Взяв в руки батон, который нес Таддео, чтобы более полно принять роль деревенского жителя, он вращал и крутил его в пальцах достаточно хорошо, чтобы заставить Фан-Фана, короля палочных бойцов того времени, позавидовать.

«Должен ли я следовать за вашим превосходительством?» — спросил синьор Пиньяна.

«Безусловно, — сказал он, — но в качестве арьергарда, в двадцати шагах позади меня, чтобы вы могли дать показания, как простой прохожий, что человек, которого я забью до смерти, хотел избить меня. Это сделает меня более интересным в глазах людей, которых привлечет эта трудность».

Когда он увидел, что синьор Пиньяна собирается покинуть комнату вместе с ним, он сказал: «Нет! Мадемуазель Крепино, Аргус этого дома, видела, как вошли только трое мужчин; что она подумает, когда увидит, что выходят четверо? Выходите тогда через секретную дверь, Пиньяна, и присоединяйтесь к нам на углу улицы Бель-Шасс».

Дверь библиотеки закрылась перед синьором Пиньяной.

«Вы не хотите, чтобы я пошел с вами?» — спросил виконт Монте-Леоне.

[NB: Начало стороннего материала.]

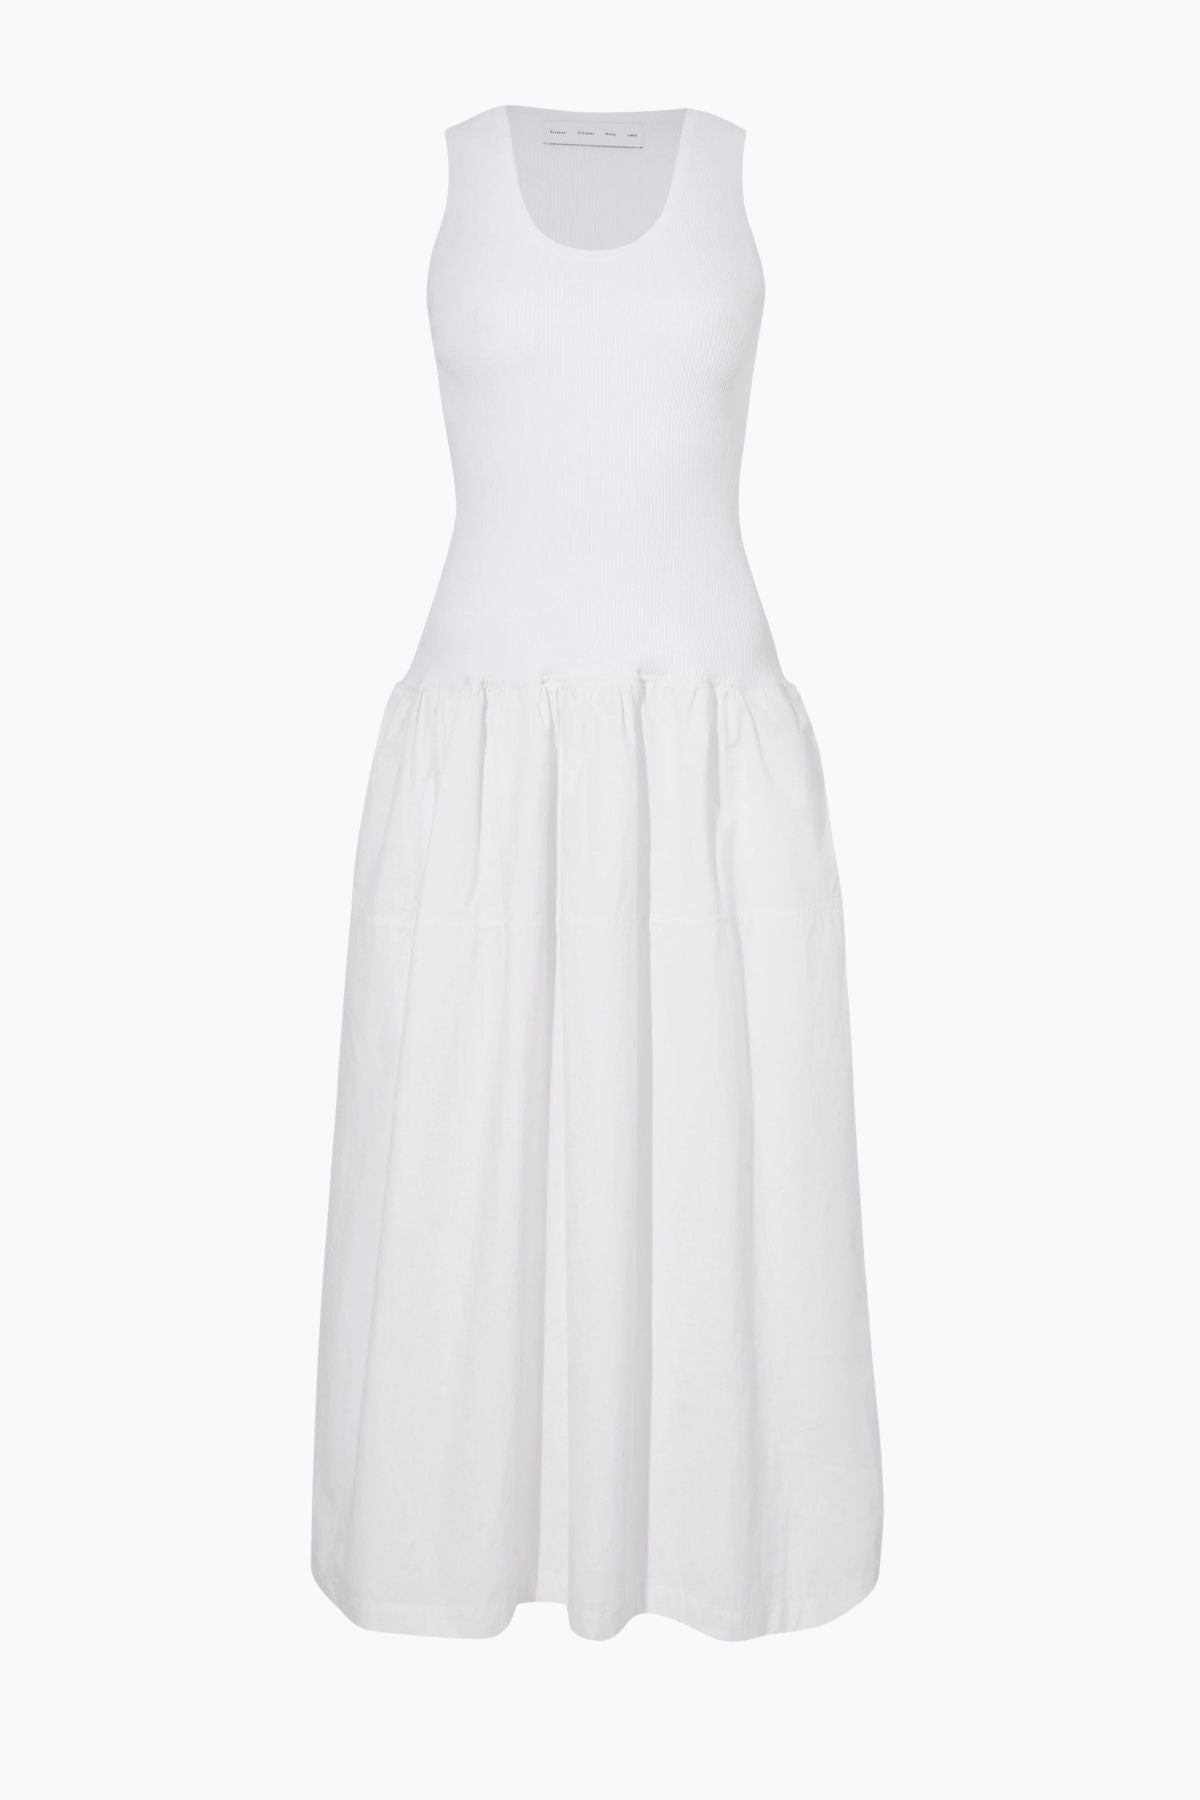 Proenza Schouler White Label Malia Dress - White

«Стыдно! — сказал Монте-Леоне, — четыре на одного — мы будем выглядеть как союзная армия, марширующая против Монако. Оставайтесь тогда несколько минут с доктором. Консультация милорда, естественно, может быть долгой».

Овернец и крестьянин из пригорода прошли мимо кресла мадемуазель Крепино, один с платком на щеке, а другой с повязкой на глазу. Вспомнив, что они были с восьми часов у доктора, она не могла удержаться от того, чтобы не сказать: «Доктор очень искусный человек, но он медлителен. В конце концов, — добавила она, — он мог взять с них множество вещей, хотя никто не слышал, чтобы они кричали. Люди их ранга не обращают внимания на боль».

Когда они приблизились к улице Верней, граф прошел несколько шагов впереди Таддео. «Ждите меня здесь», — сказал он, указывая на дом, который стоял еще дальше других, на линии улицы, «и приходите ко мне, если я позову». Затем он оставил молодого человека, принял вульгарный вид и побрел к своему отелю. Вскоре он увидел в углу стены напротив своего дома неподвижную тень, которая, безусловно, была тенью человека, на которого указал ему Пиньяна. У графа был быстрый и острый глаз, который узнавал объекты даже в темноте. Он увидел два глаза, которые наблюдали за ним и которые были устремлены на его отель. Они время от времени двигались, но только для того, чтобы, повернувшись снова, они могли легче узнавать каждого прохожего. Монте-Леоне, с присутствием духа, которое никогда не покидало его и которое характеризовало все решительные действия его жизни, как только задумал свой план, привел его в исполнение. Он хотел знать, с какими врагами имеет дело, и не мог придумать лучшего способа, чем допросить самого человека. Вопрос, который он задал, правда, был довольно резким, как будет видно. Когда он оказался в нескольких шагах позади человека, который не имел ни малейшего подозрения и позволил ему подойти близко, граф развернулся и бросился на незнакомца. Он сжал его горло одной рукой, а другой схватил оружие незнакомца, которое, как он вполне логично заключил, тот носил. Тот издал крик, и единственный крик, который, кстати, был ужасным. Затем он замолчал. Прохожий мог бы подумать, что эти люди конфиденциально разговаривают друг с другом, но никогда — что один душит другого.

«Одно слово, — сказал Монте-Леоне. — Скажи мне, почему ты здесь».

«По своему собственному делу», — сказал человек.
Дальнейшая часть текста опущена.